▸ **Your instructions**:
What is needed is every line from the one holding "download prime day" to the last line of the data below, printed exactly and without pictures.

▸ **Given material**:
- Opening Delimiter -

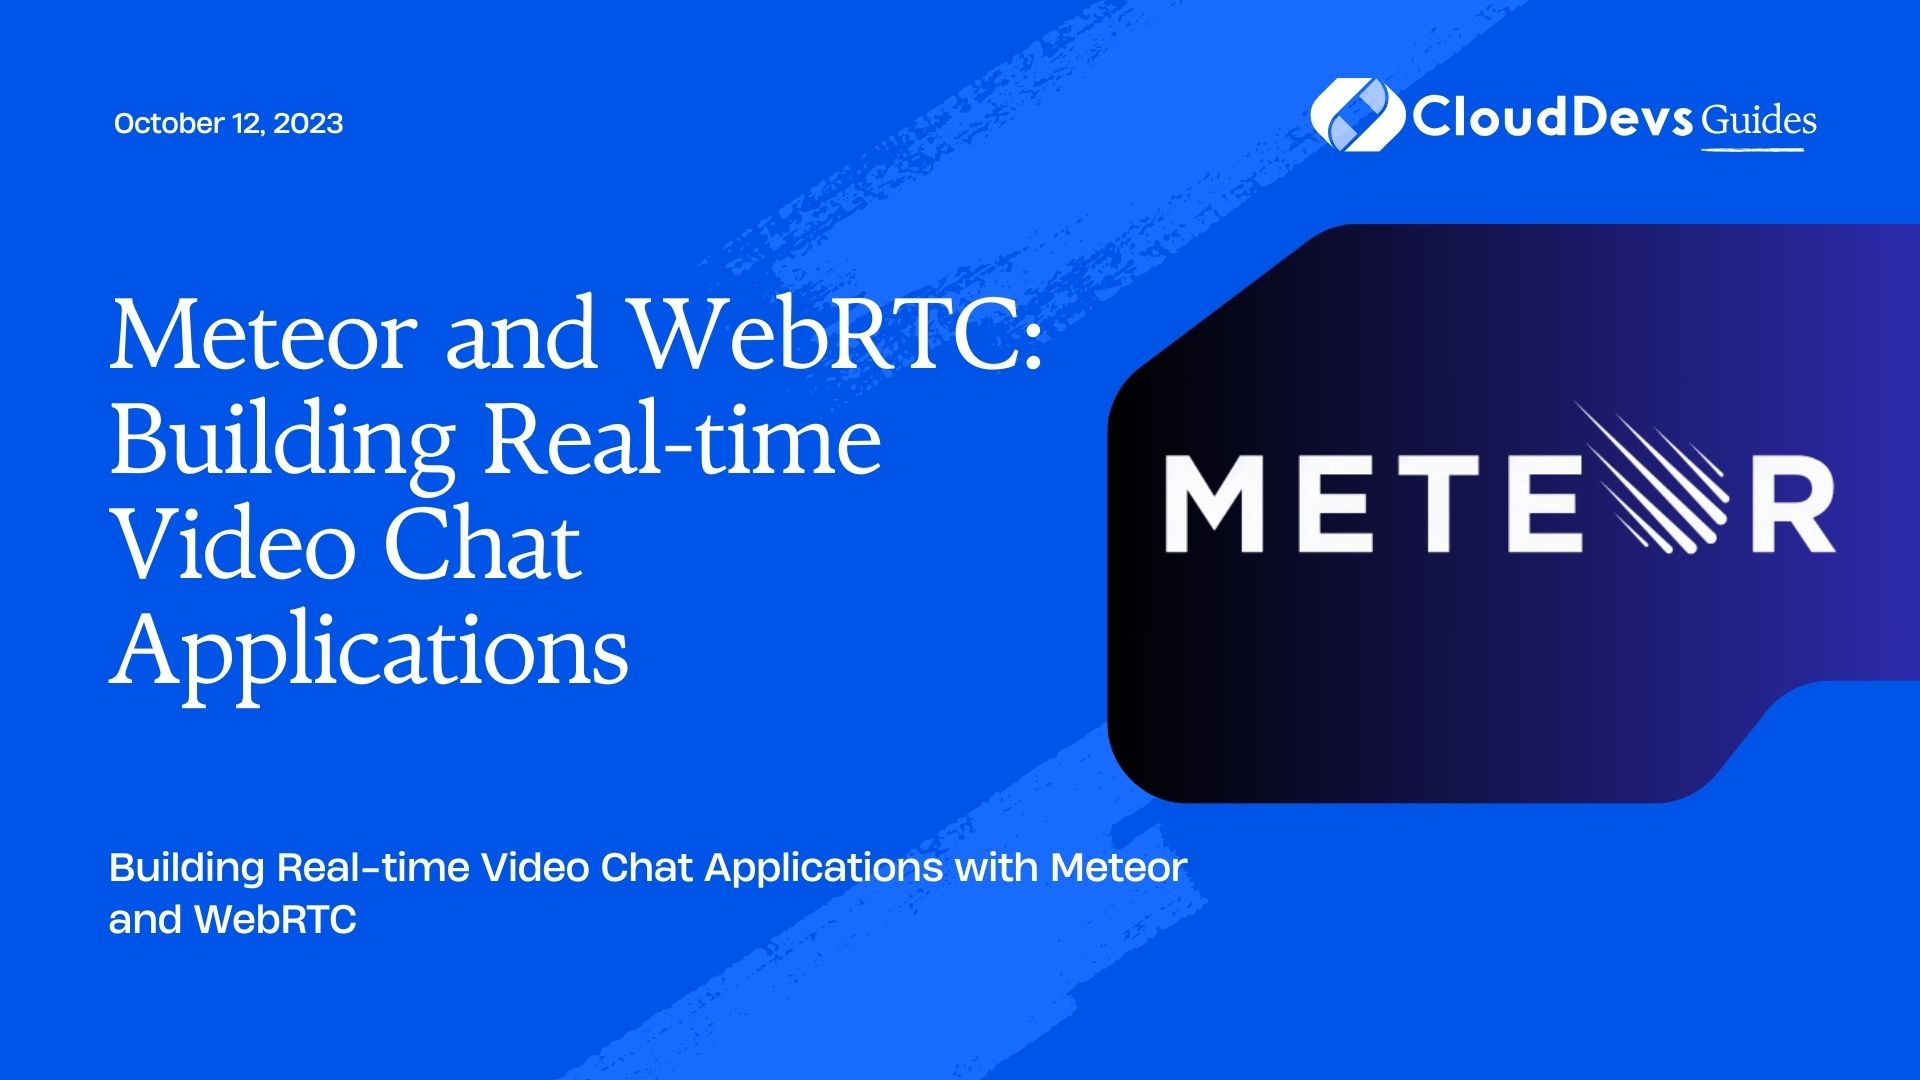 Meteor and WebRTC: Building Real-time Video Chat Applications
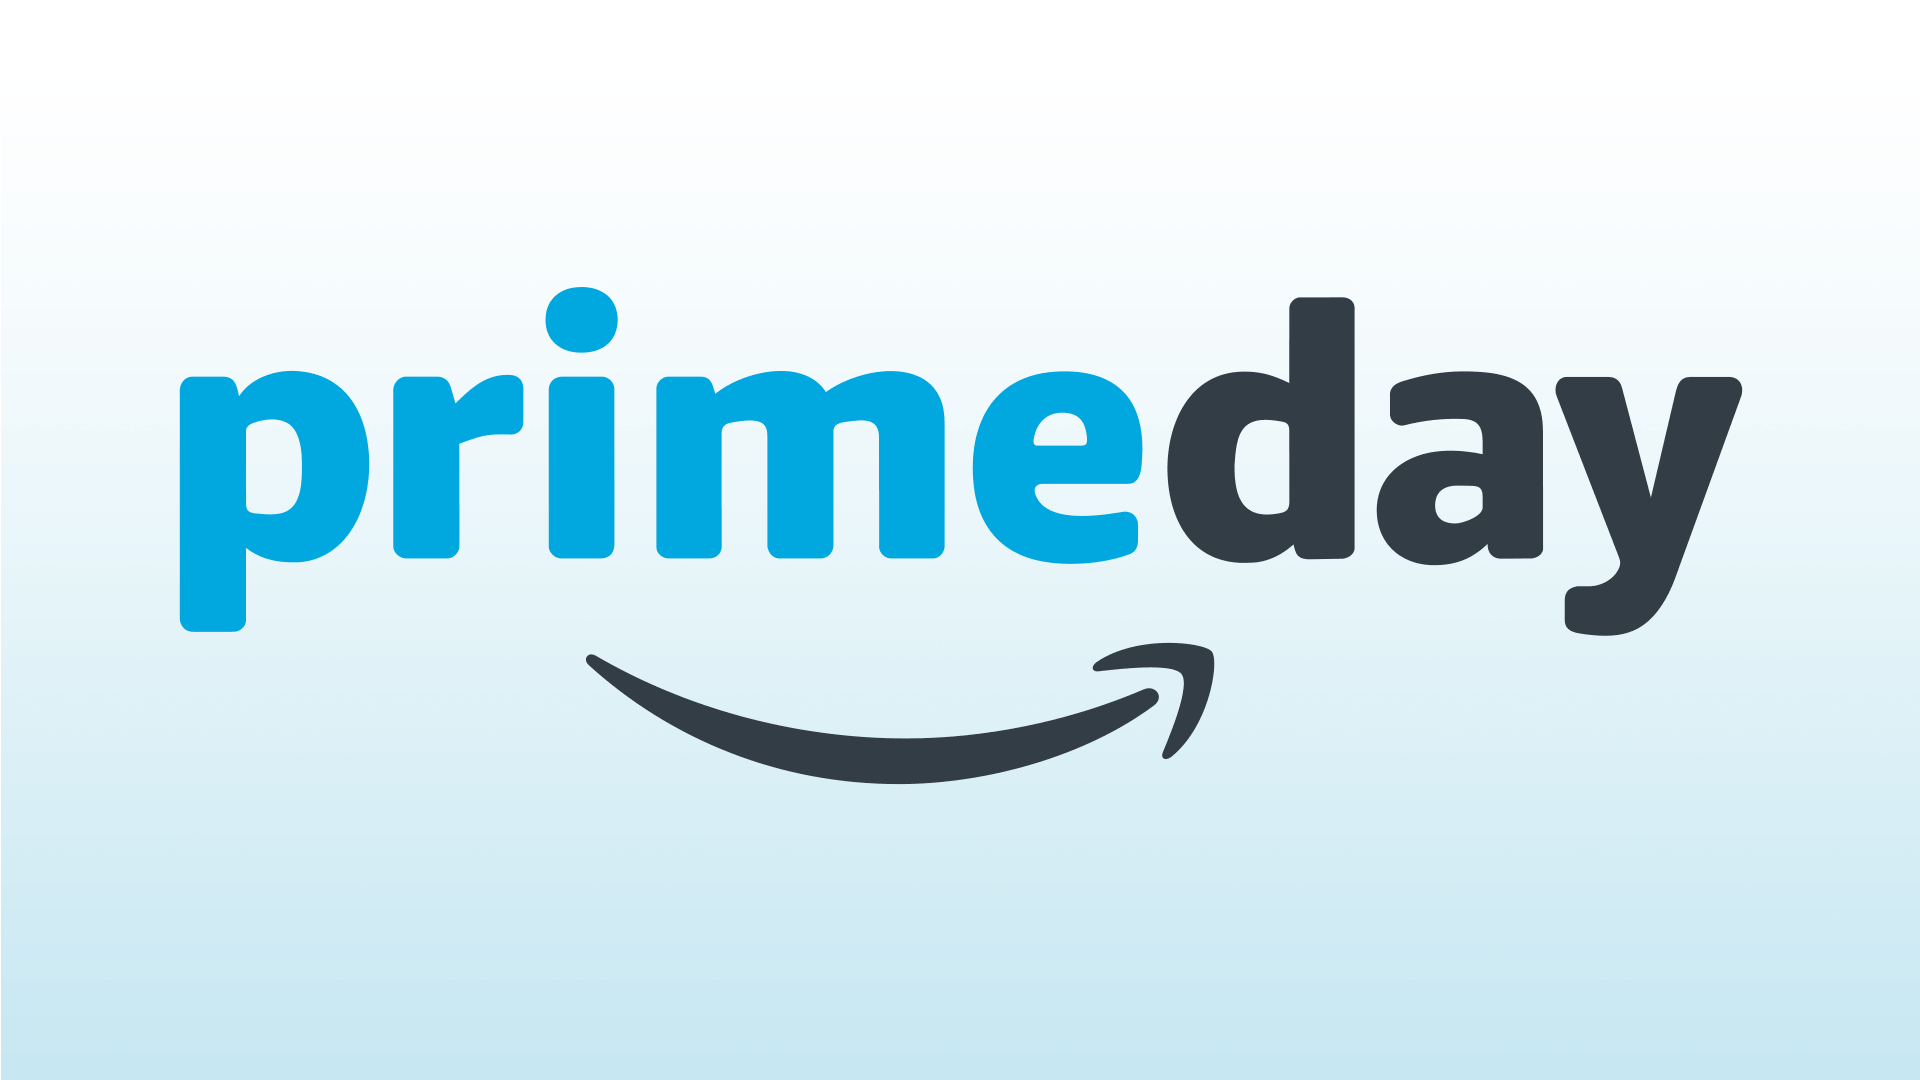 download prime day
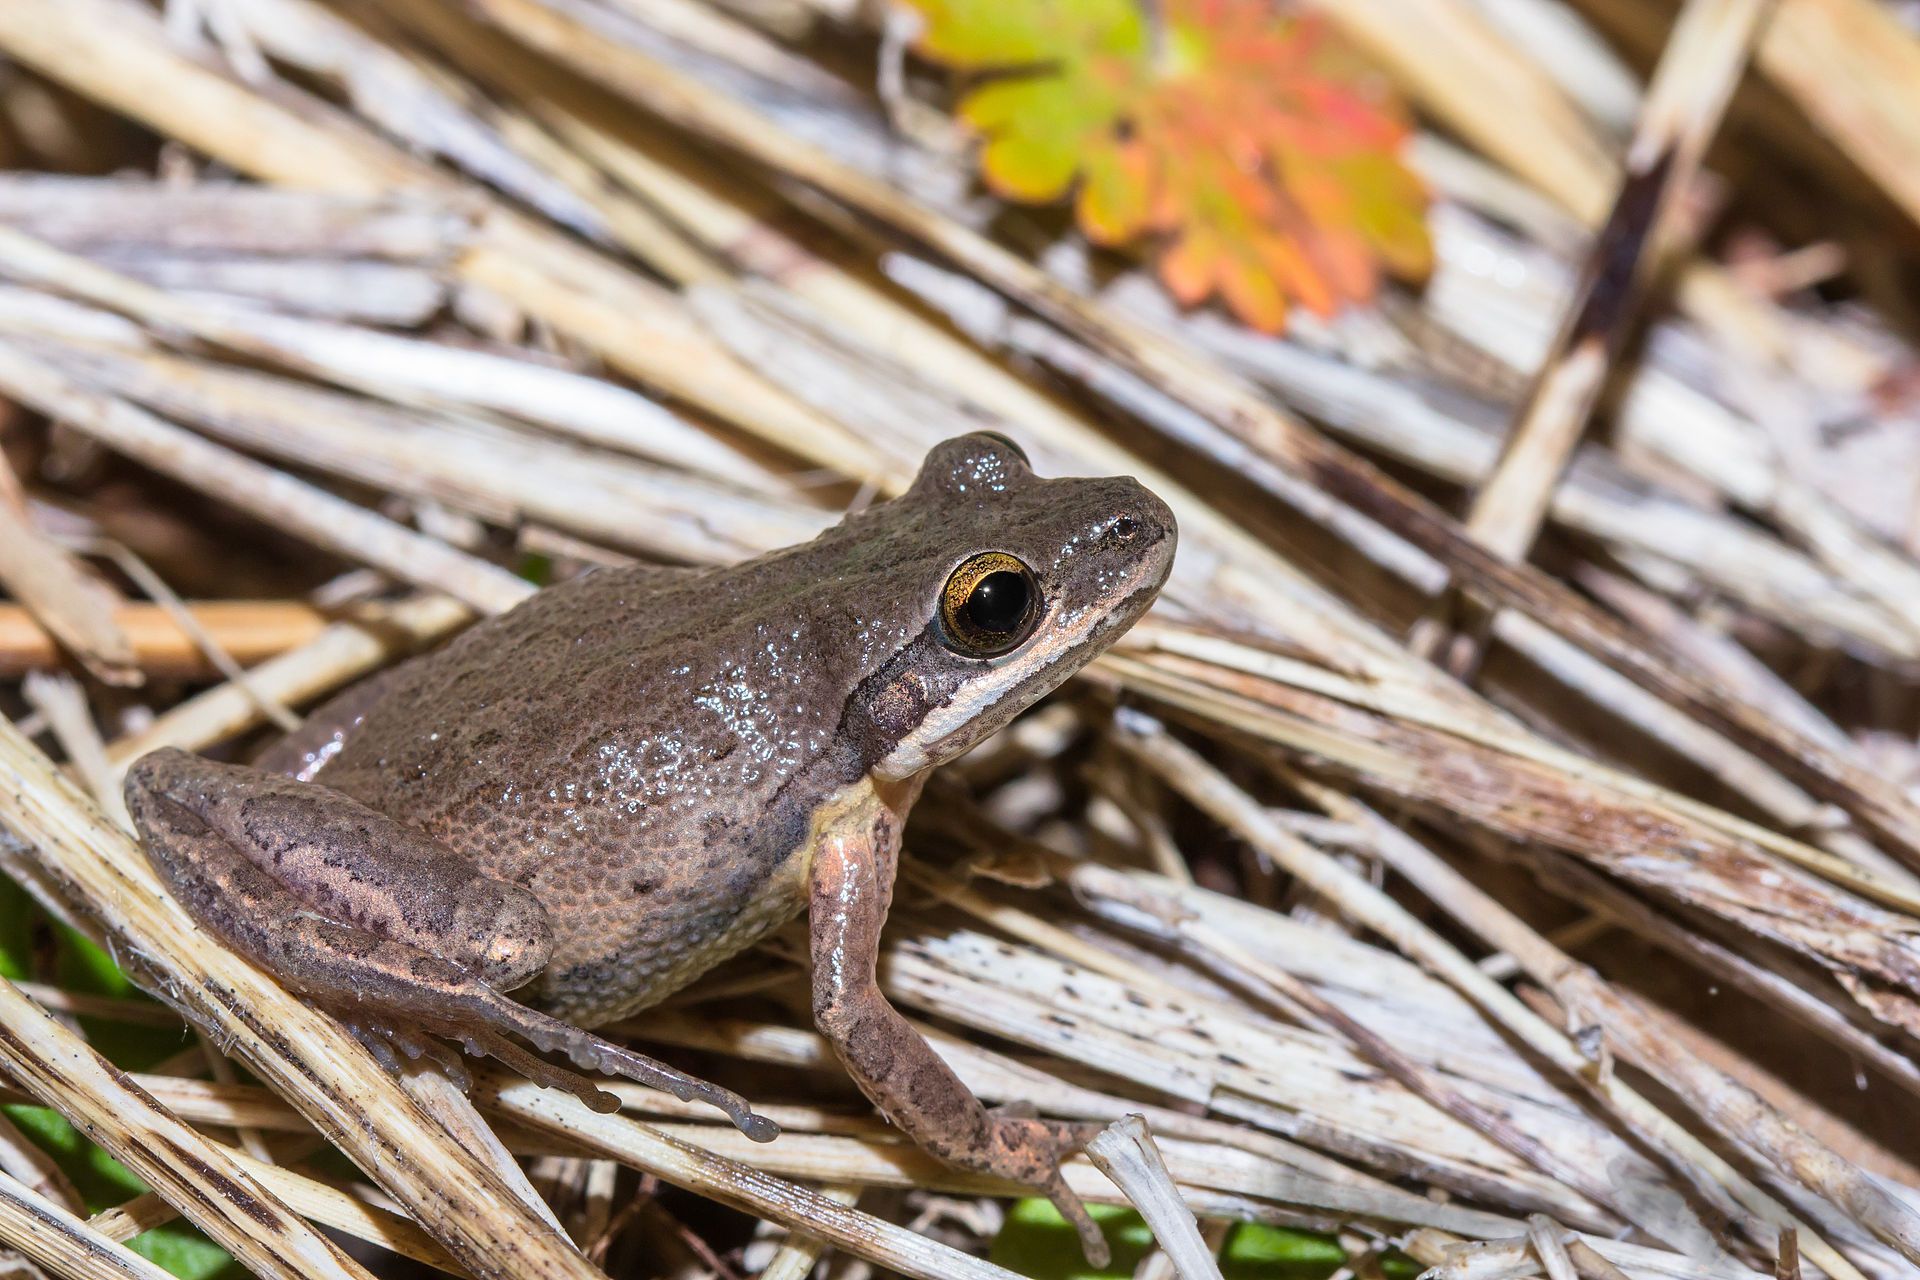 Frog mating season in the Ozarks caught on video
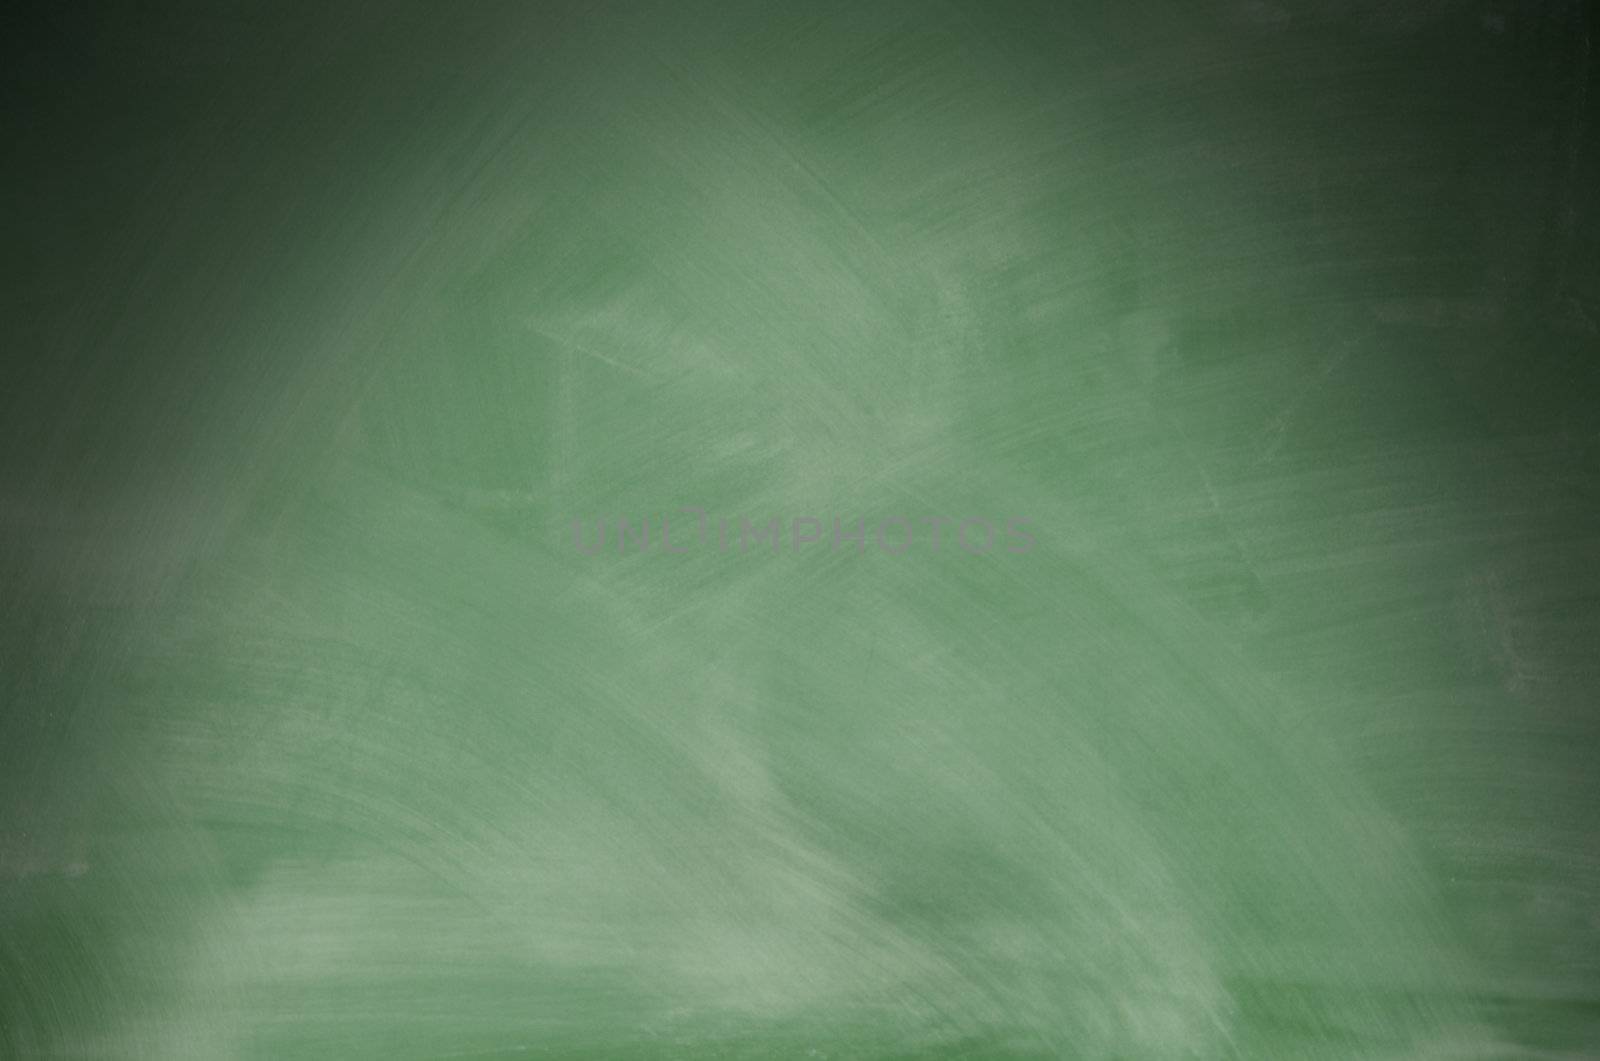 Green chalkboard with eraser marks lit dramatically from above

- Closing Delimiter -

▸ **Reply**:
 download prime day
 Frog mating season in the Ozarks caught on video
 Green chalkboard with eraser marks lit dramatically from above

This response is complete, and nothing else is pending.